As chief scientist of a five-man team of radar researchers in the U.S. Signal Corps, Edwin King Stodola (1914-1992) and his colleagues conducted an experiment in 1946 that has been credited with ushering in the Space Age. The team’s mandate had been to find out if radar could be used to detect incoming long-range missiles, a project informed by recent history: the vast destruction in England caused by Germany’s V-1 and V-2 missiles during World War II. The US feared it would suffer a similar fate at the hands of the Soviet Union, which had developed long-range missiles. The government turned to engineers at Fort Evans in Belmar, NJ, which included Stodola, who went to Brooklyn Tech for high school and then studied electrical engineering at Cooper. Previously, Stodola contributed to the war effort by developing radar that could detect kamikaze flights before an attack. 

Stodola and the rest of the Fort Evans team took on the challenge, but initially suffered numerous setbacks. The group finally succeeded at hearing an echo from the radar they had launched from Earth as its waves bounced off the moon. Fittingly, they adopted a name for the project: Project Diana, after the Roman goddess of the moon. The breakthrough was front-page news and let the army track moving targets.

Essential to the experiment was an unusually tall antenna created from four standard radar antennas pointed towards the horizon where the moon would rise. The great height was needed in order to pick up the weak signal reflected back from the moon. On January 10th that year, the scientists recorded the pulse on an oscilloscope that showed the signal returned after approximately 2.5 seconds—which is the amount of time it takes for light to travel from Earth to the moon and back.

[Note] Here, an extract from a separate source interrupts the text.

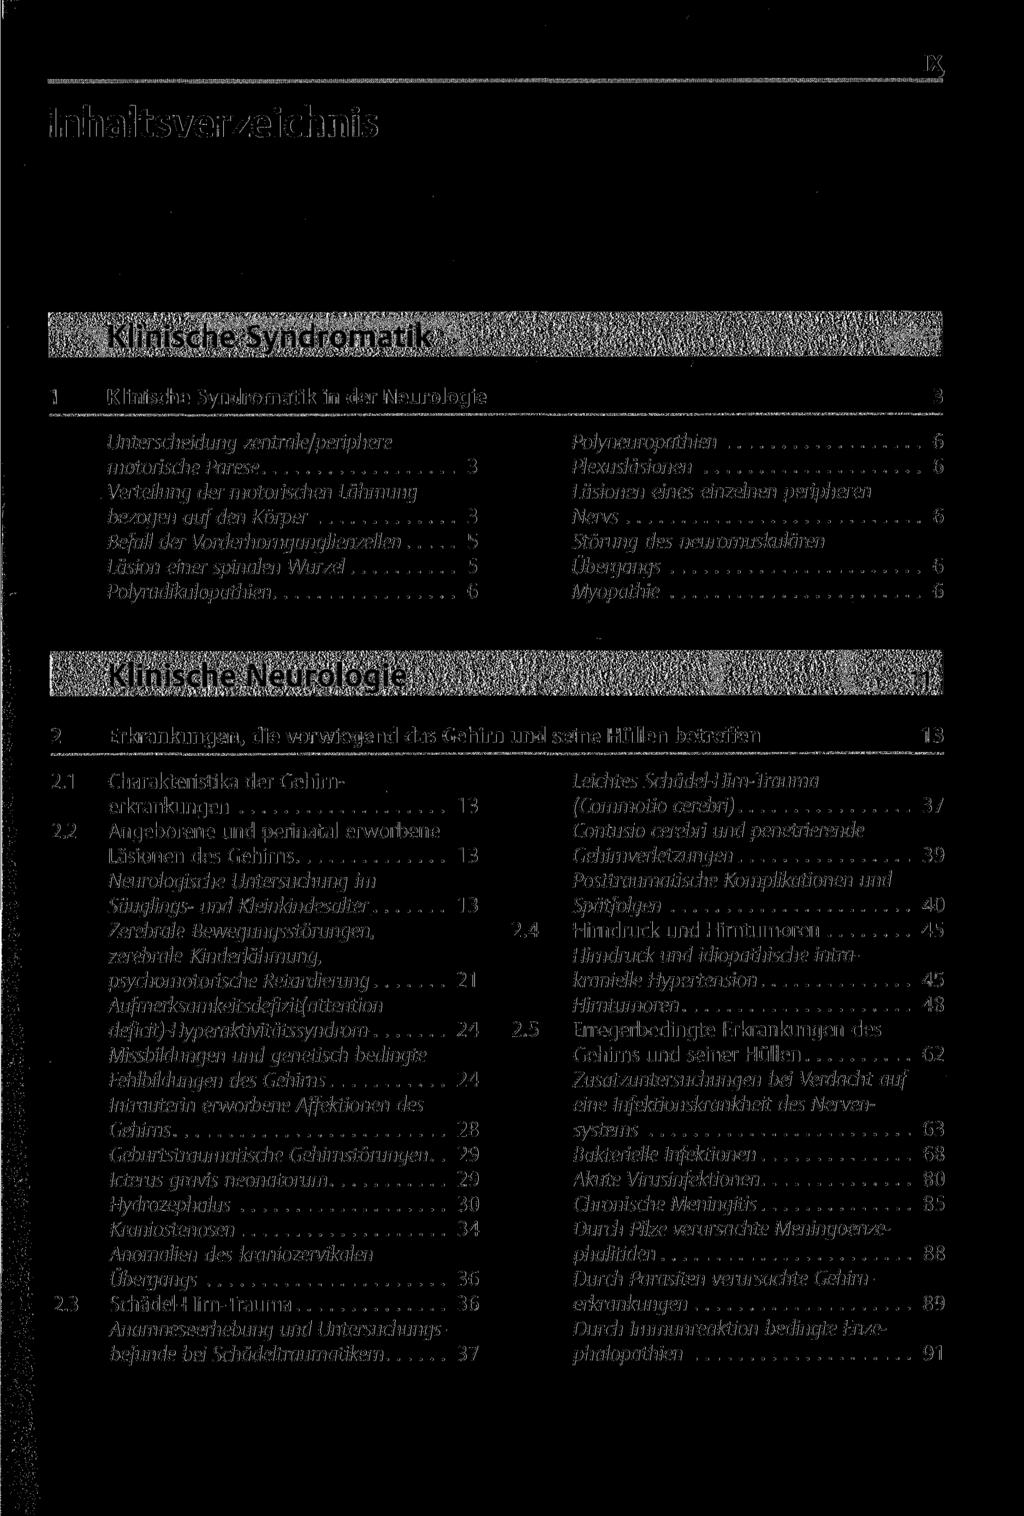 Inhaltsverzeichnis ix, Klinische Syndromatil 1 Klinische Syndromatik in der Neurologie Unterscheidung zentrale/periphere motorische Parese 3 Verteilung der motorischen Lähmung bezogen auf den Körper

A year after that exceptional achievement, Stodola left the Signal Corps and worked for Reeves Instrument Corporation, a company that worked on radar and early computer projects for the government. During the 1970s, a long-range tracking system for radars that Mr. Stodola invented was used in NASA’s Project Mercury, the first U.S.-manned space program, and for the first air force surveillance satellite, Discoverer.

He received the Presidential Citation from The Cooper Union in 1987 and was inducted into The Cooper Union Hall of Fame in 2009.